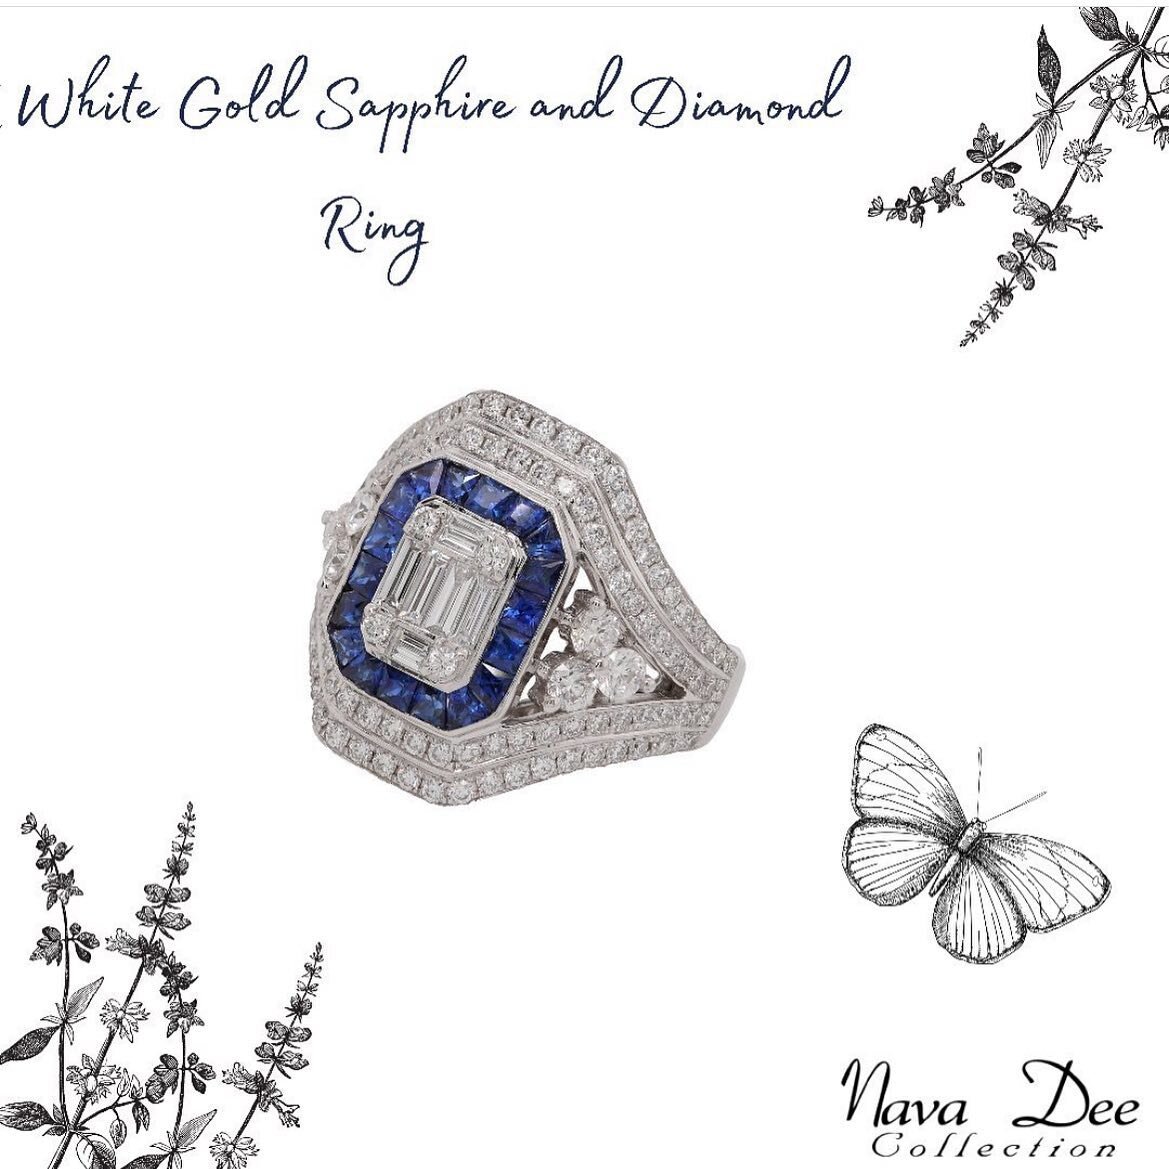 ✨Dazzling Diamonds

✨Discover The Gold Collection at Nava Dee.

✨14k White Gold Diamond and Sapphire Art Deco Ring.

Want to see this beauty in person? DM for store locations 📍

#jewelry #accessories #gold #giftideas #silver #ring #jewelryaddict #ma
------------------------------------------------------------
A verbatim copy of the material, pictures excluded, is what must be produced.

 ✨Dazzling Diamonds

✨Discover The Gold Collection at Nava Dee.

✨14k White Gold Diamond and Sapphire Art Deco Ring.

Want to see this beauty in person? DM for store locations 📍

#jewelry #accessories #gold #giftideas #silver #ring #jewelryaddict #ma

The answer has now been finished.